_TASK DESCRIPTION:_
Transcribe, exactly and in full, every record shown below, while omitting its images.
### DATA TO PROCESS ###
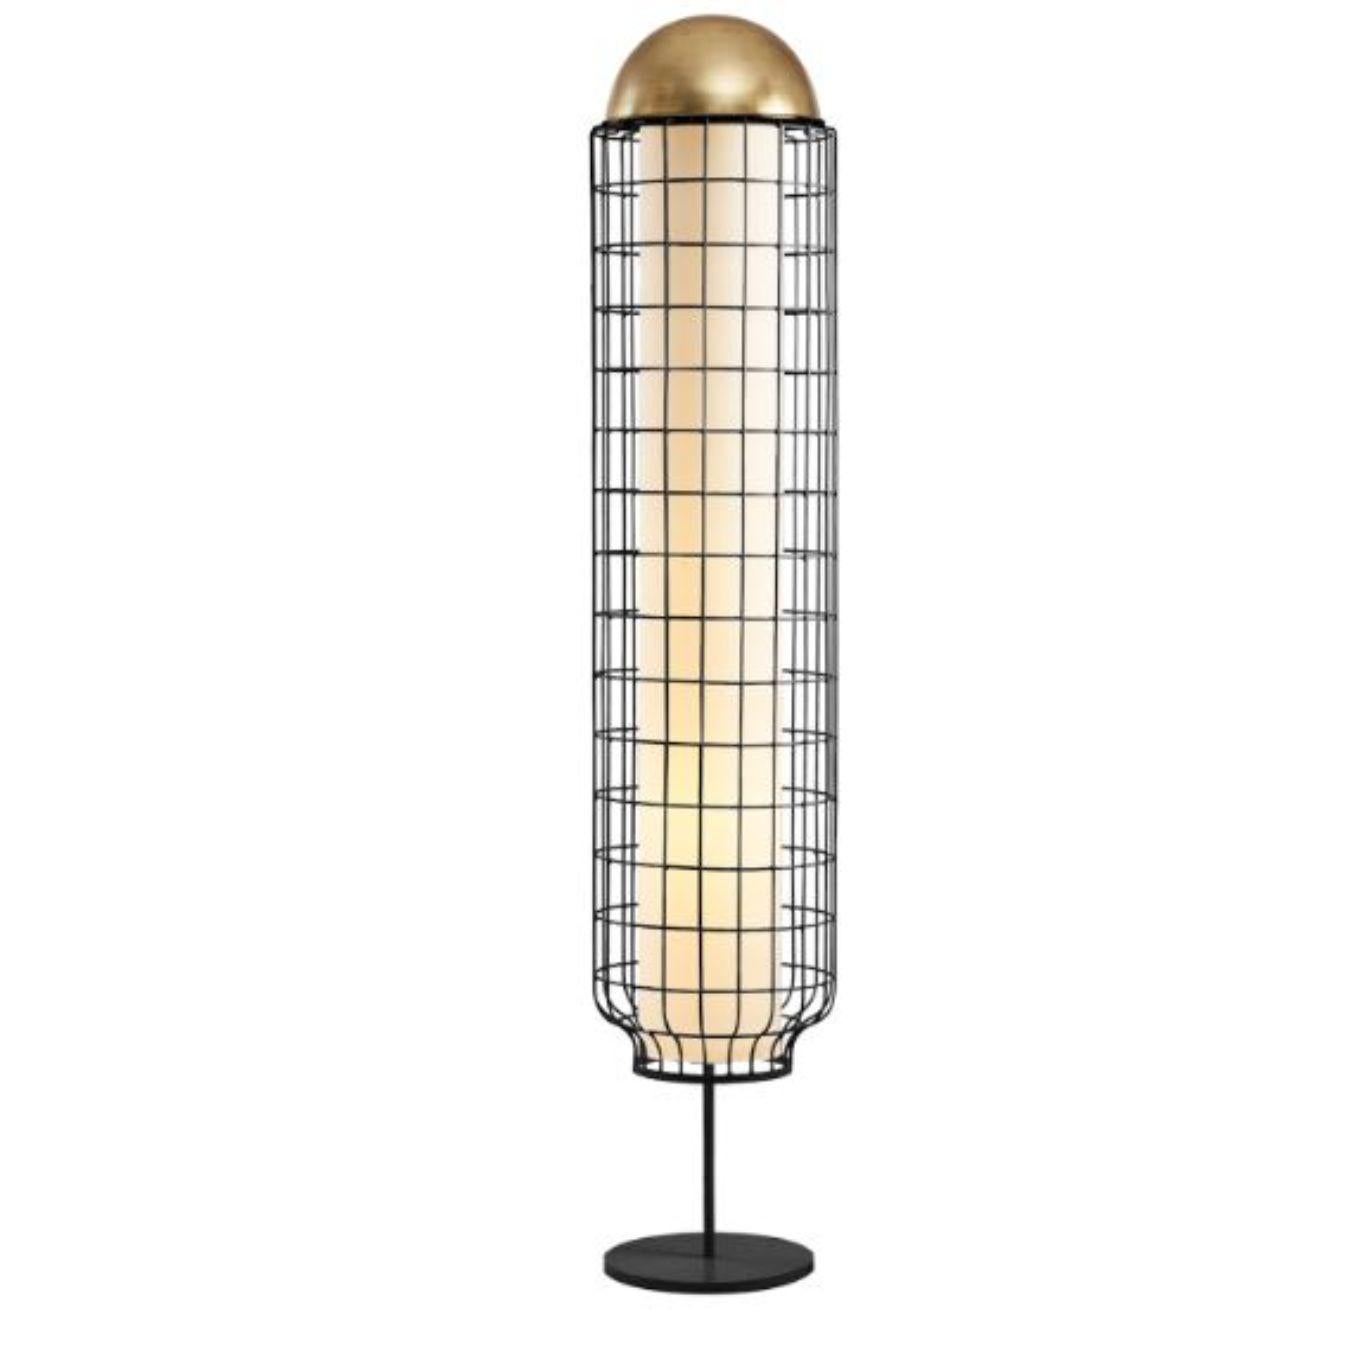 Brass Magnolia floor lamp by Dooq
Dimensions: W 37 x D 37 x H 170 cm
Materials: lacquered metal, polished or brushed metal, brass.
abat-jour: cotton
Also available in different colours and materials.

Information:
230V/50Hz
E27/2x20W
###
_REPLY:_
 Brass Magnolia floor lamp by Dooq
Dimensions: W 37 x D 37 x H 170 cm
Materials: lacquered metal, polished or brushed metal, brass.
abat-jour: cotton
Also available in different colours and materials.

Information:
230V/50Hz
E27/2x20W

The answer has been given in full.